- Your objective: In the data below, locate the line containing "Quantum Max Stress" and the line containing "Jaquette DVD Kate et Leopold v2", then retype both and everything between them exactly. Pictures are not part of the copy.

- Provided records:

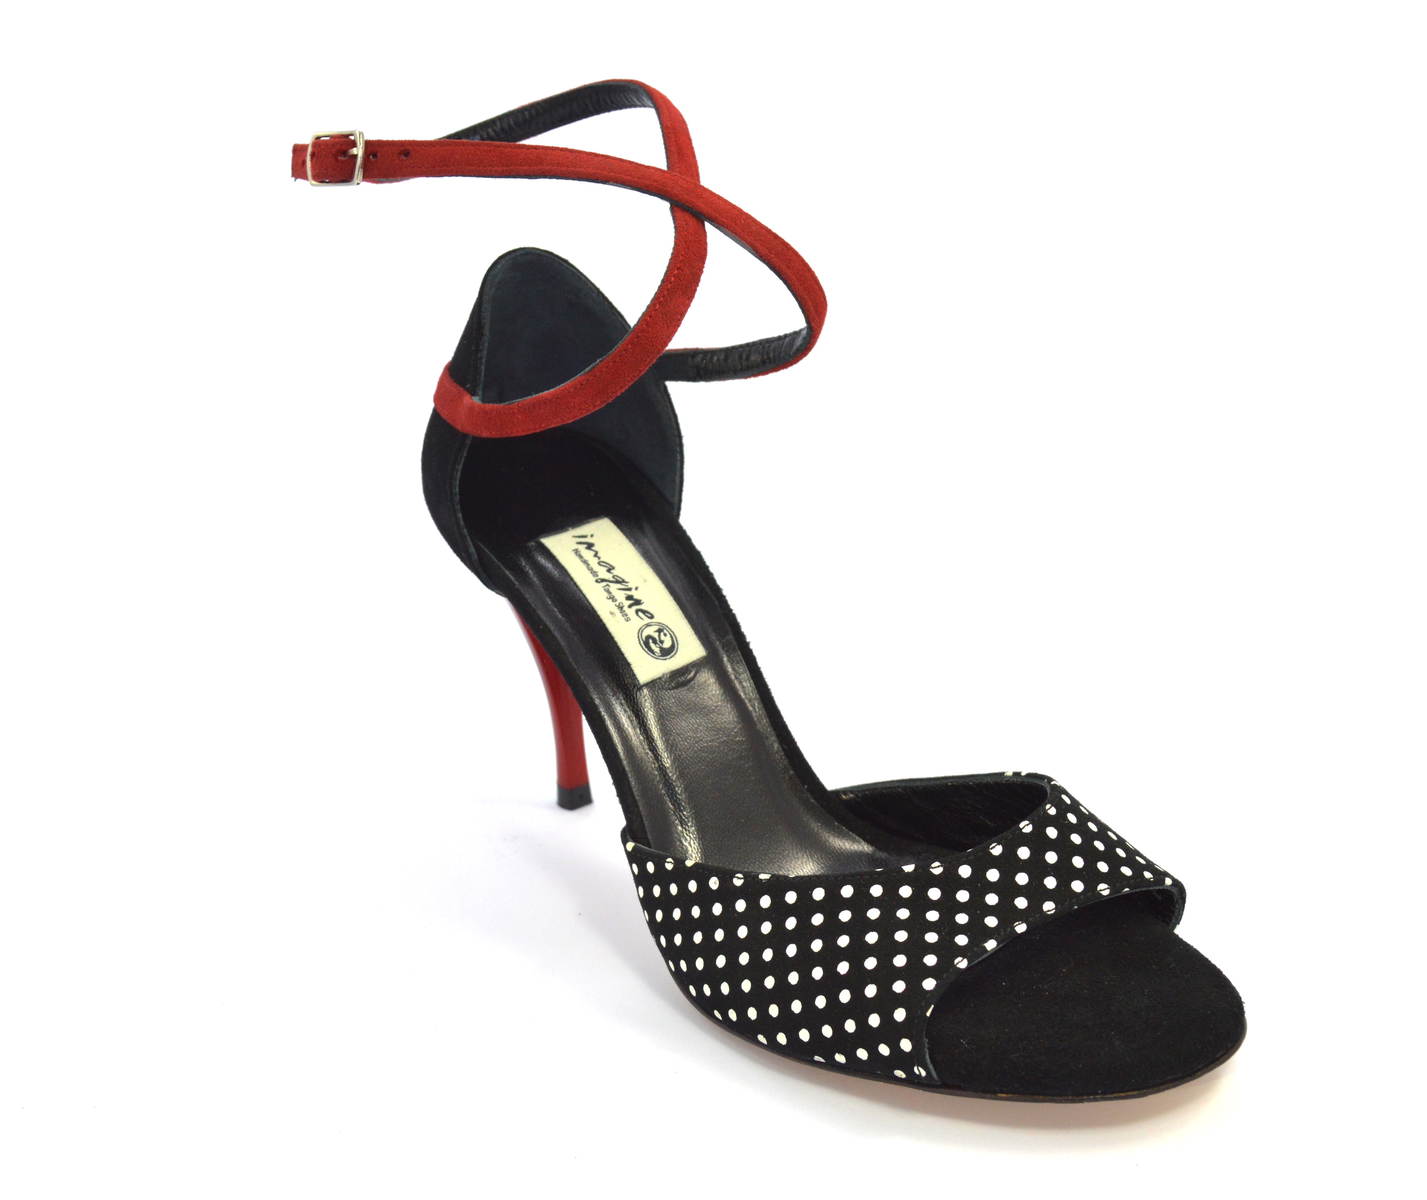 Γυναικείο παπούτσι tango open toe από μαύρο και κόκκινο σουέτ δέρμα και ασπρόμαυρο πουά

* * *

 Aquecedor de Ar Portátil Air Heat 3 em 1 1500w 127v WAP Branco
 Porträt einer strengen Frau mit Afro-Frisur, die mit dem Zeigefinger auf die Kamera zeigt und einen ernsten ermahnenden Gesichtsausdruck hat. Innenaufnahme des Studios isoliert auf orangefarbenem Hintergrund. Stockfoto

* * *

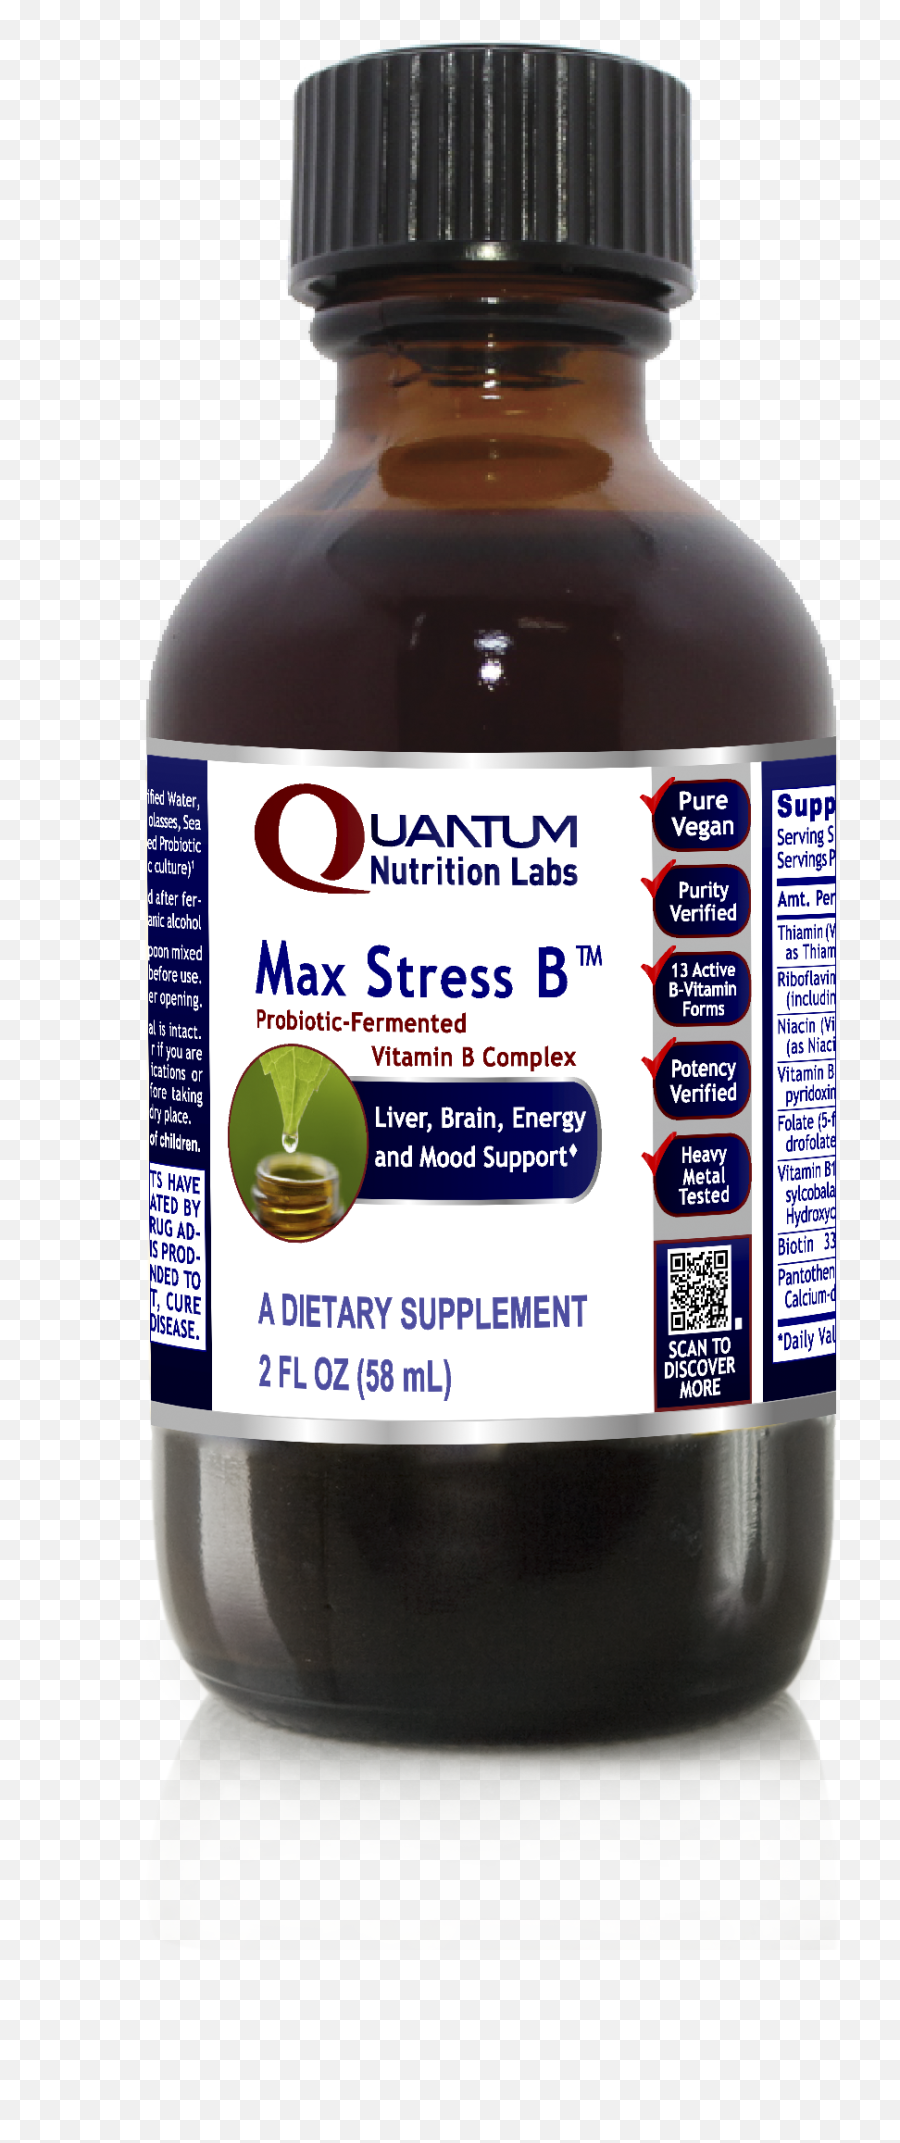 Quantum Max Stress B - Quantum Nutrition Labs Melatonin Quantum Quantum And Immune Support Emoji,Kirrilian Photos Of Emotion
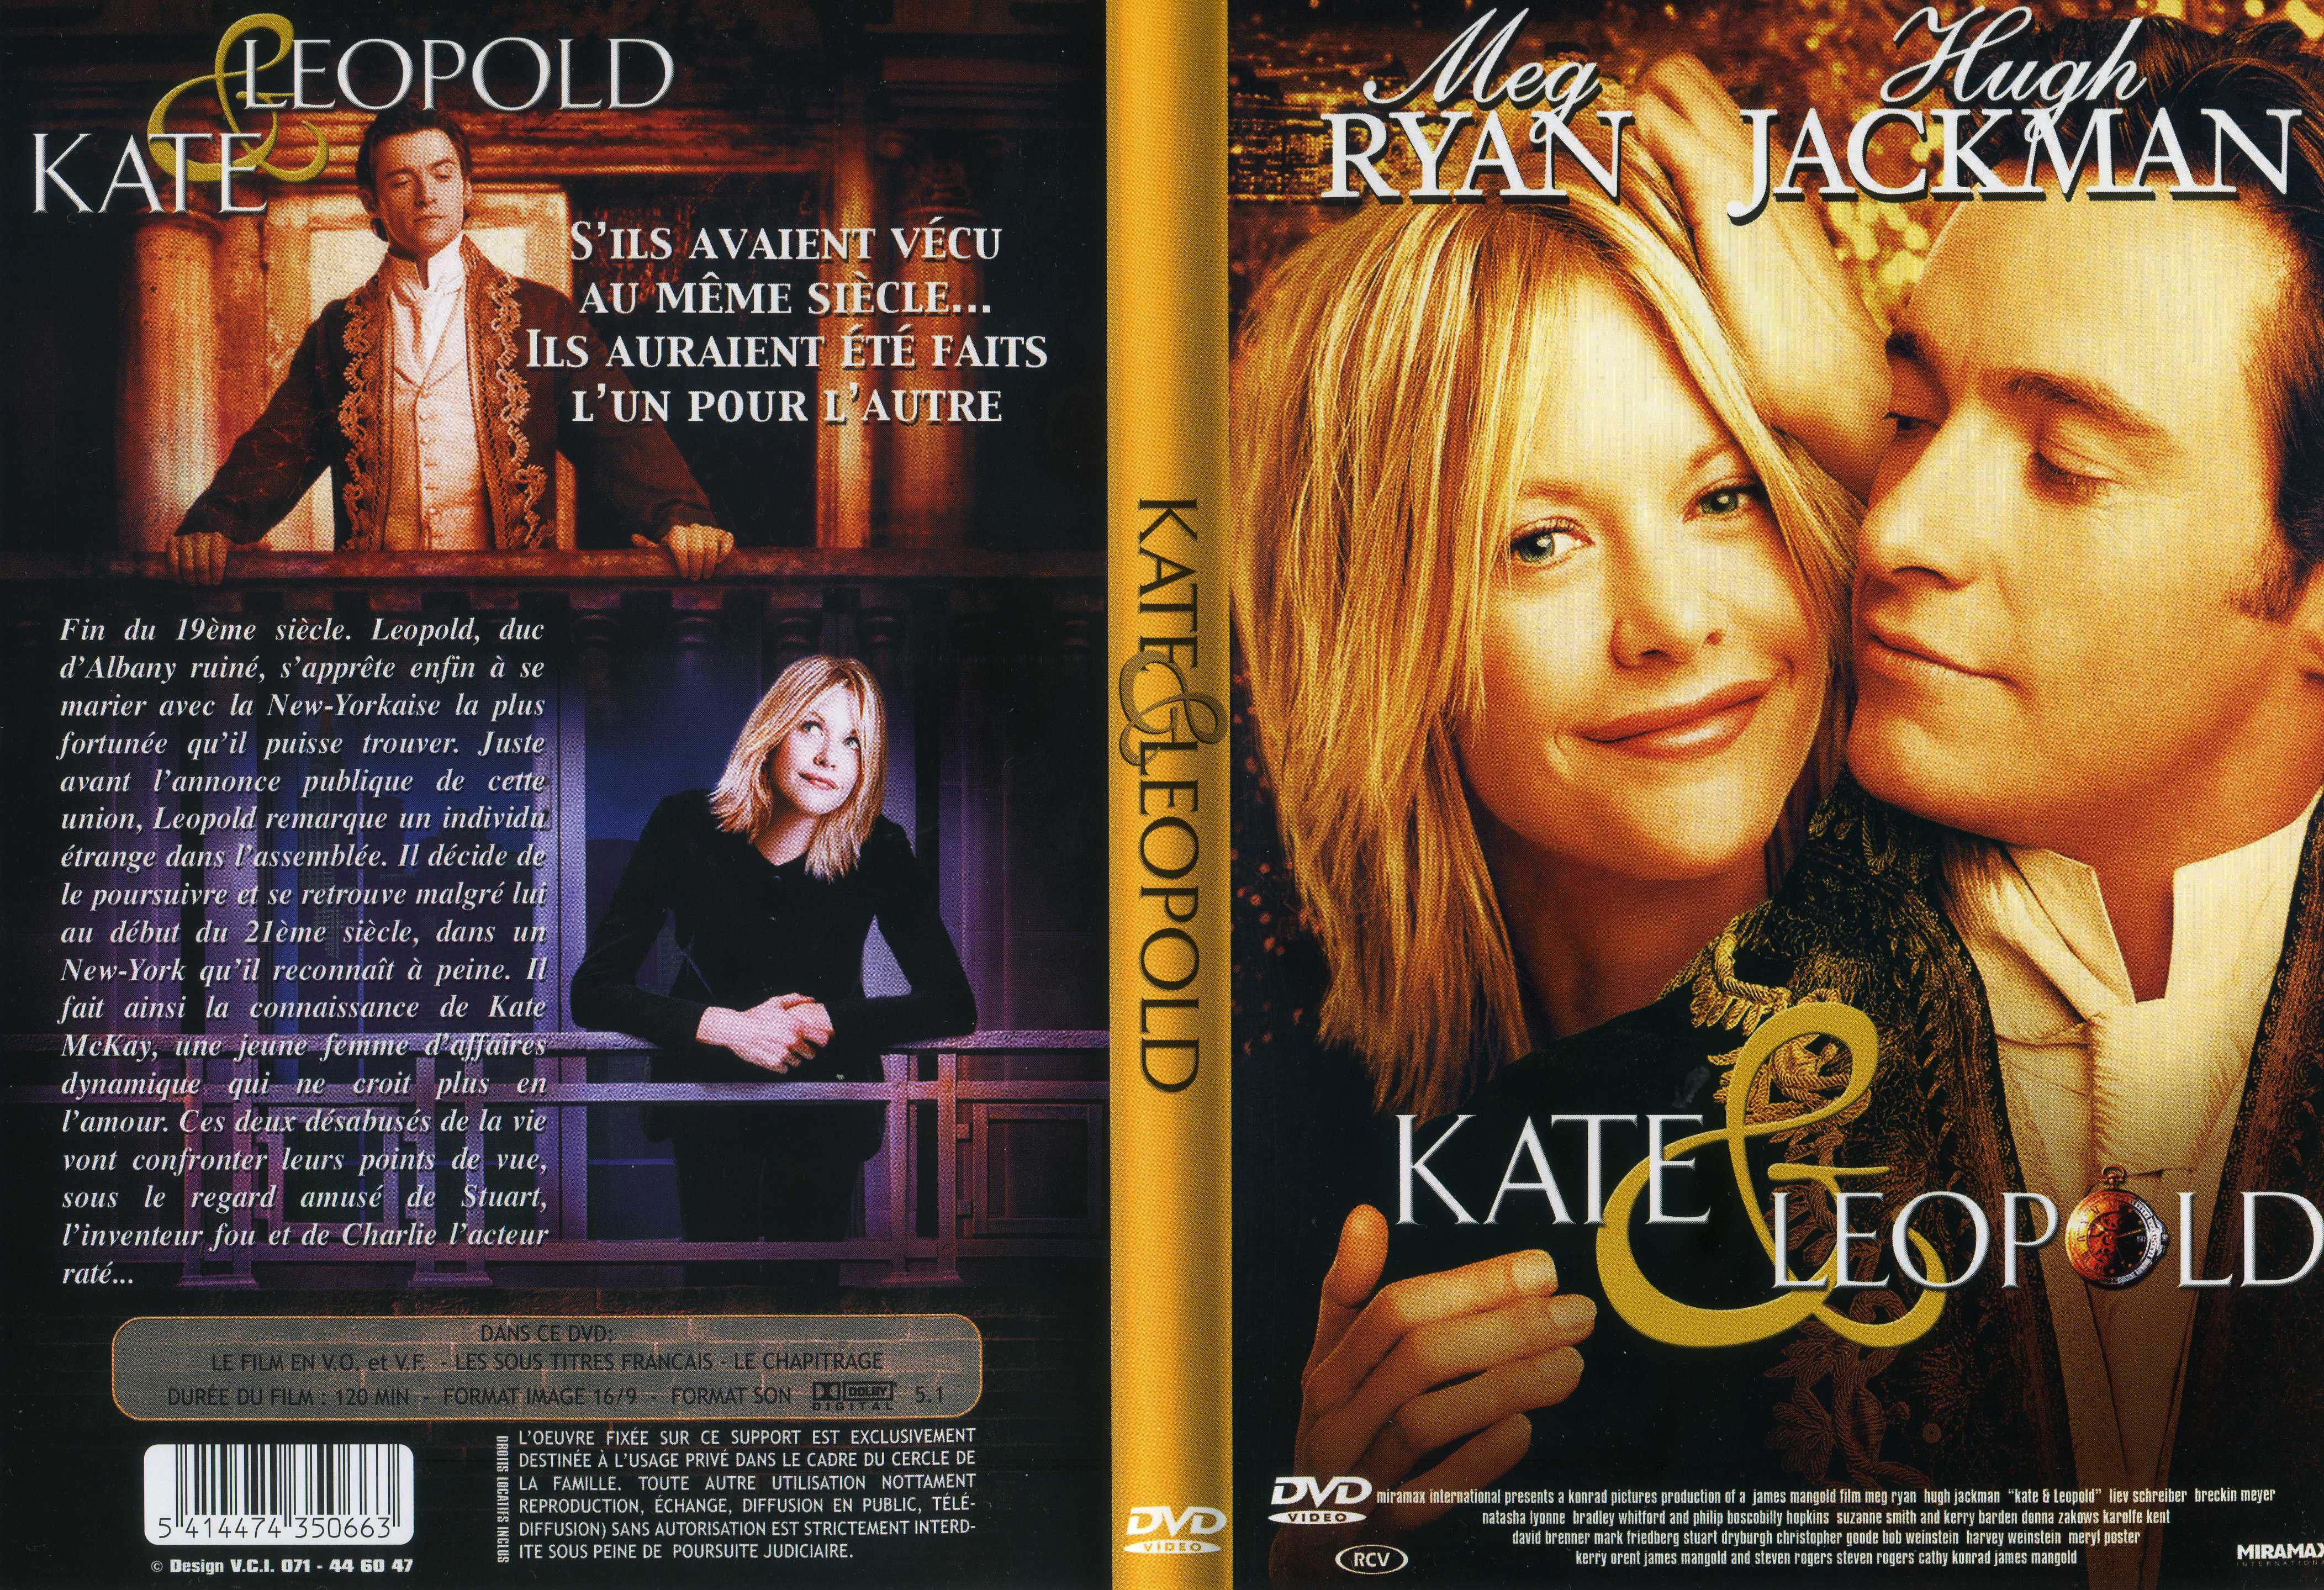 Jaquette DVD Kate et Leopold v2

- Task output:
 Quantum Max Stress B - Quantum Nutrition Labs Melatonin Quantum Quantum And Immune Support Emoji,Kirrilian Photos Of Emotion
 Jaquette DVD Kate et Leopold v2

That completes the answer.